Чарский сел на чемодане (из двух стульев, находившихся в тесной конурке, один был сломан, другой завален бумагами и бельем). Импровизатор взял со стола гитару – и стал перед Чарским, перебирая струны костливыми пальцами и ожидая его заказа.
– Вот вам тема, – сказал ему Чарский: – поэт сам избирает предметы для своих песен; толпа не имеет права управлять его вдохновением.
Глаза итальянца засверкали, он взял несколько аккордов, гордо поднял голову, и пылкие строфы, выражение мгновенного чувства, стройно излетели из уст его… Вот они, вольно переданные одним из наших приятелей со слов, сохранившихся в памяти Чарского.
Итальянец умолк… Чарский молчал, изумленный и растроганный.
– Ну что? – спросил импровизатор.
Чарский схватил его руку и сжал ее крепко.

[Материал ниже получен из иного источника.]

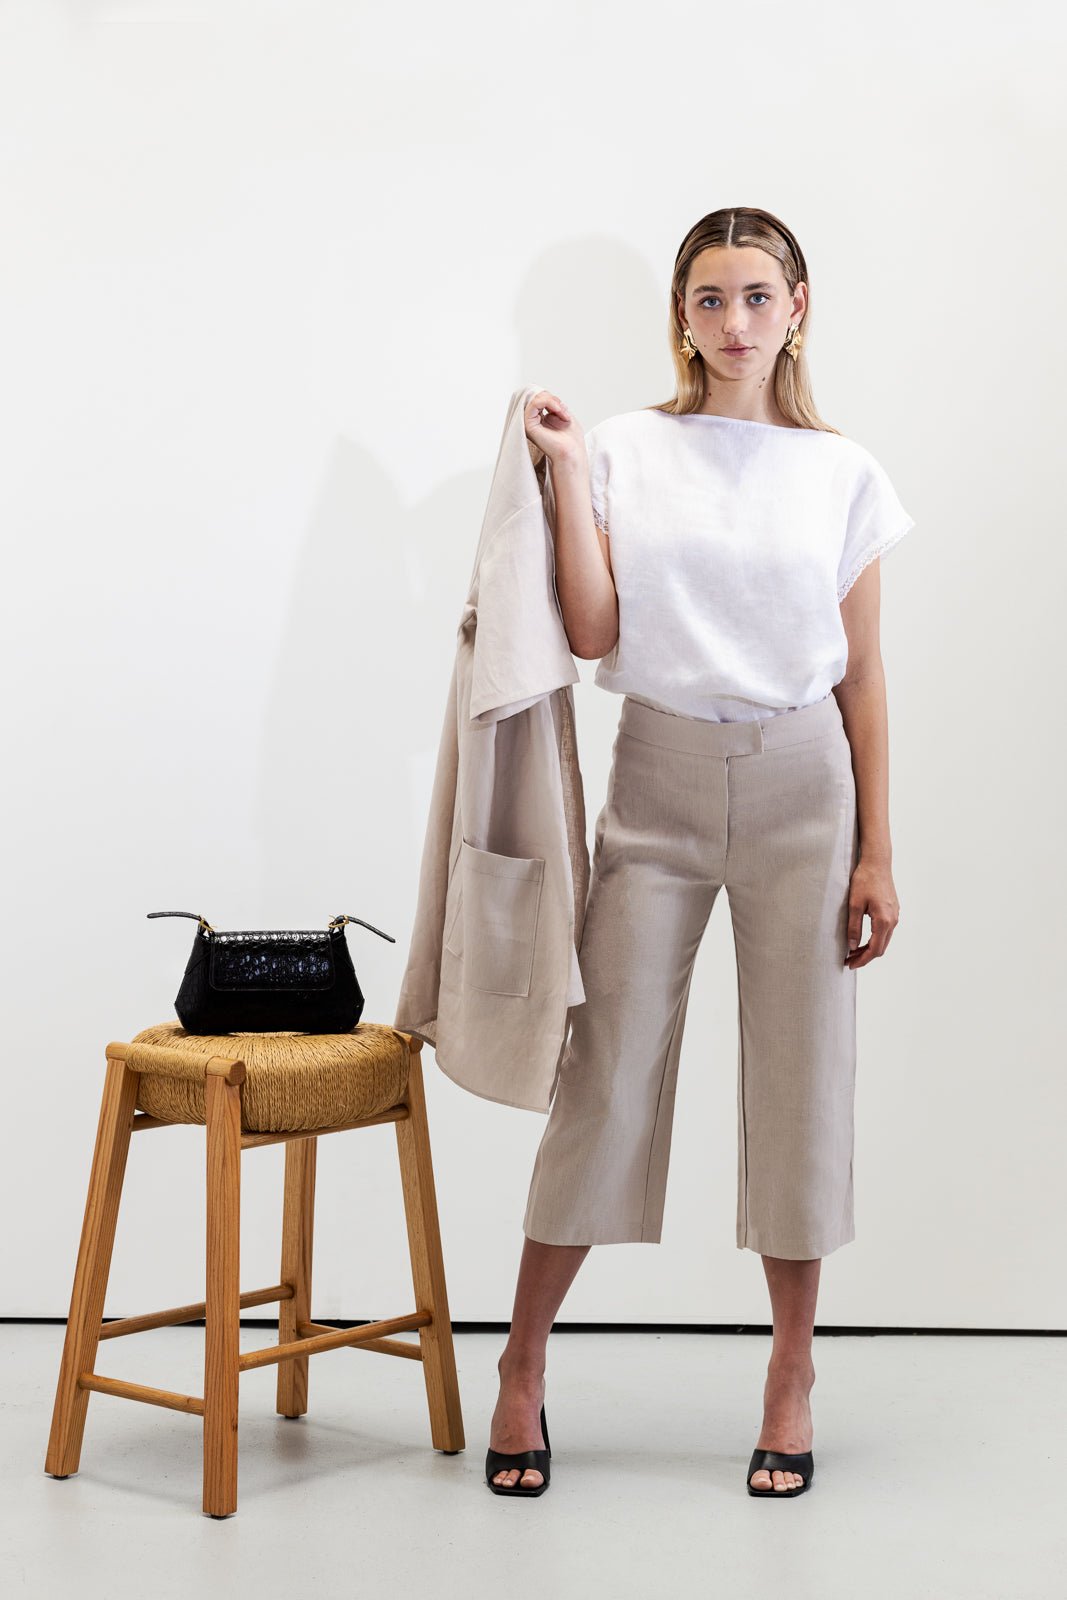 Èze Lace Trim Top - VOUS Contemporary Clothing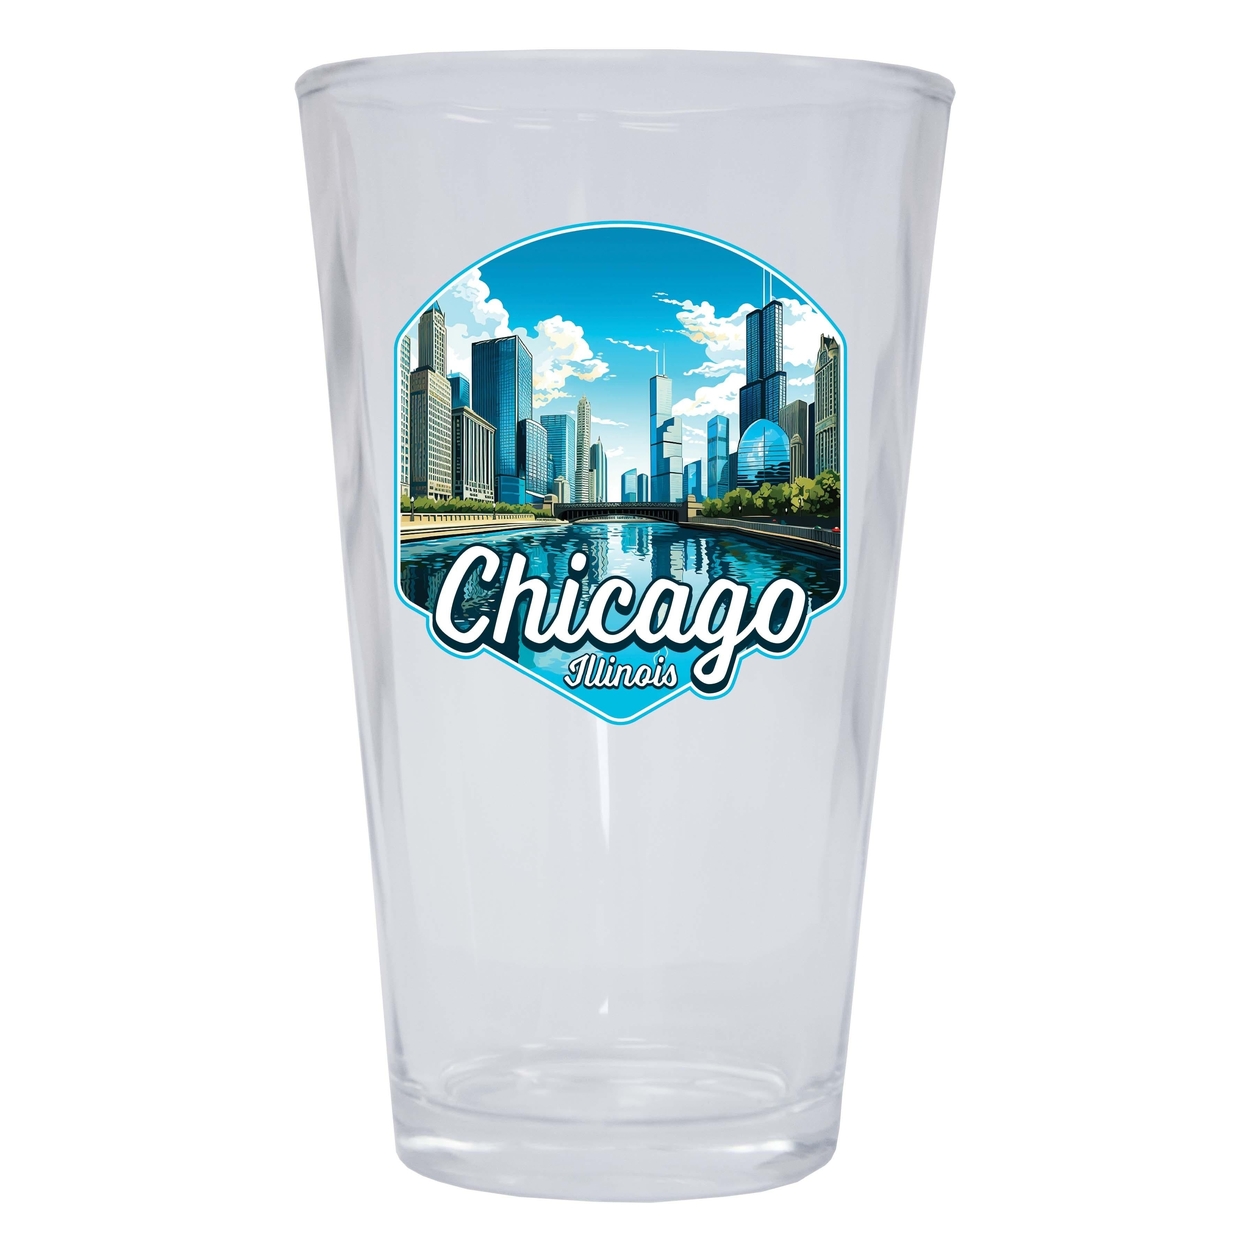 Chicago Illinois A Souvenir 16 Oz Pint Glass - 4-Pack

– Что? – спросил импровизатор. – Каково?
– Удивительно, – отвечал поэт. – Как! Чужая мысль чуть коснулась вашего слуха, и уже стала вашею собственностию, как будто вы с нею носились, лелеяли, развивали ее беспрестанно. Итак для вас не существует ни труда, ни охлаждения, ни этого беспокойства, которое предшествует вдохновению?.. Удивительно, удивительно!..
Импровизатор отвечал:
– Всякий талант неизъясним. Каким образом ваятель в куске каррарского мрамора видит сокрытого Юпитера, и выводит его на свет, резцом и молотом раздробляя его оболочку? Почему мысль из головы поэта выходит уже вооруженная четырьмя рифмами размеренная стройными однообразными стопами? – Так никто, кроме самого импровизатора, не может понять эту быстроту впечатлений, эту тесную связь между собственным вдохновением и чуждой внешнею волею – тщетно я сам захотел бы это изъяснить. Однако… надобно подумать о моем первом вечере. Как вы полагаете? Какую цену можно будет назначить за билет, чтобы публике не слишком было тяжело, и чтобы я между тем не остался в накладе? Говорят, la signora Catalani[21] брала по 25 рублей? Цена хорошая…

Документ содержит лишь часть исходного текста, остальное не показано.